The quantitative detection of HBV DNA is not only used for the diagnosis of chronic hepatitis B, but also the HBV DNA load in patients' peripheral blood is an important index to decide whether to carry out antiviral treatment. Almost all countries' guidelines for the prevention and treatment of chronic hepatitis B suggest whether to start antiviral treatment according to the viral load. The quantification of serum HBV DNA is an important index to determine the indication of antiviral treatment. For patients with HBeAg positive chronic hepatitis B, patients with HBV DNA ≥20 000 IU/mL and active liver inflammation (ALT increased, or liver inflammation index ≥G2 found by liver biopsy) should be treated with antiviral therapy. Patients with HBeAg-negative chronic hepatitis B often have a long medical history and long-term accumulation of lesions. The annual incidence of liver cirrhosis is 8%~ 10%, which is higher than that of HBeAg positive chronic hepatitis B (2%~5%). Therefore, the treatment of HBeAg negative chronic hepatitis B should be actively carried out. When HBVDNA ≥2 000 IU/mL is accompanied by liver active inflammation, antiviral therapy should be started.

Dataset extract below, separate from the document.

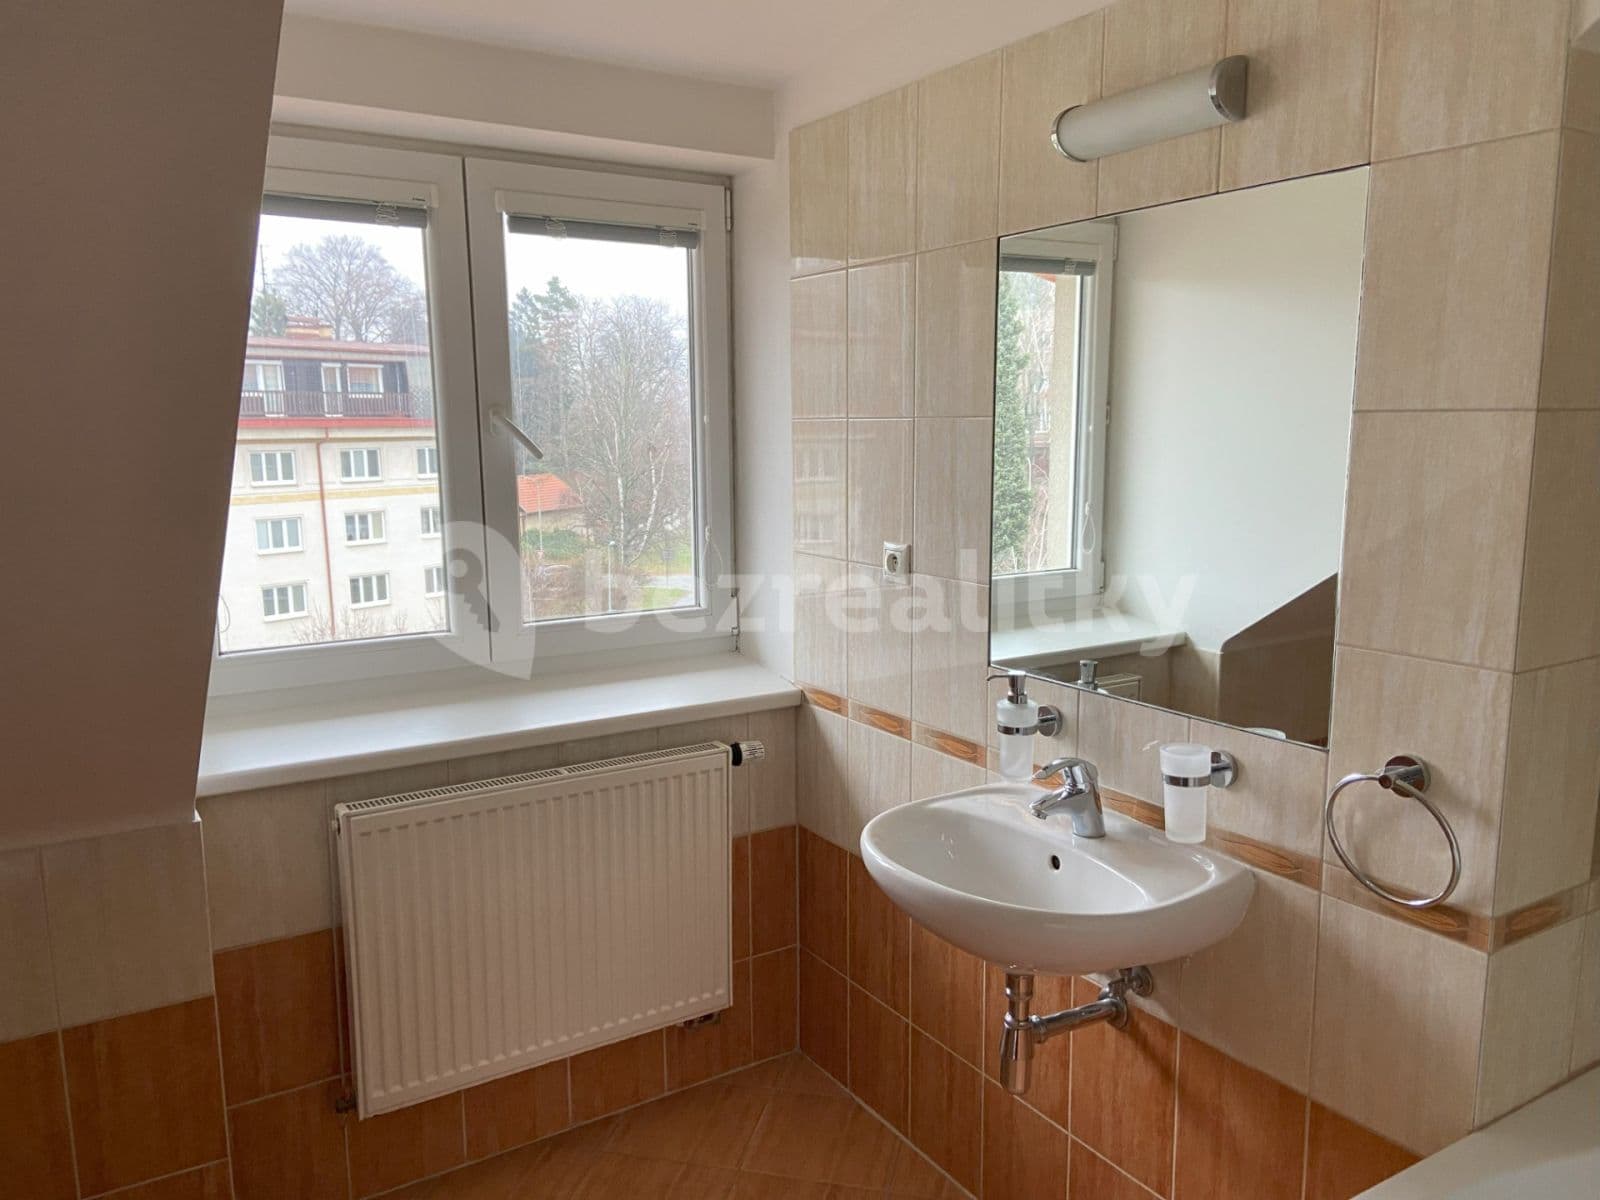 2 bedroom flat for sale, 55 m², Mydlářka, Prague, Prague

The decrease of serum HBV DNA level is an important basis for judging the effect of antiviral treatment and an important index of response-oriented treatment. Therefore, the baseline level should be detected before treatment, and once the treatment is started, it should be detected every 3~6 months to dynamically monitor the changes of HBV DNA level, and at the same time detect ALT, HBeAg and anti-HBe. The therapeutic roadmap of nucleoside (acid) analogues mainly depends on the quantitative detection of HBV DNA to determine the virological response, which is very important for judging the curative effect, prognosis and drug resistance, and is an important basis for optimizing and adjusting the treatment plan. If the level of HBV DNA is effective in the treatment of nucleoside (acid) analogues, the same drugs will continue to be treated; Otherwise, the failure of treatment should be combined with treatment. Among them, if the absolute level of serum HBV DNA is lower than 60 IU/mL after 24 weeks of treatment, it is a complete virus response and the same drug treatment can be continued; More than 60 IU/mL but less than 2 000 IU/mL is a partial reaction, and whether to adjust it should depend on the specific drugs selected. After 24 weeks of treatment, the patient's serum HBV DNA level was higher than 2 000 IU/mL, which means that the response was insufficient.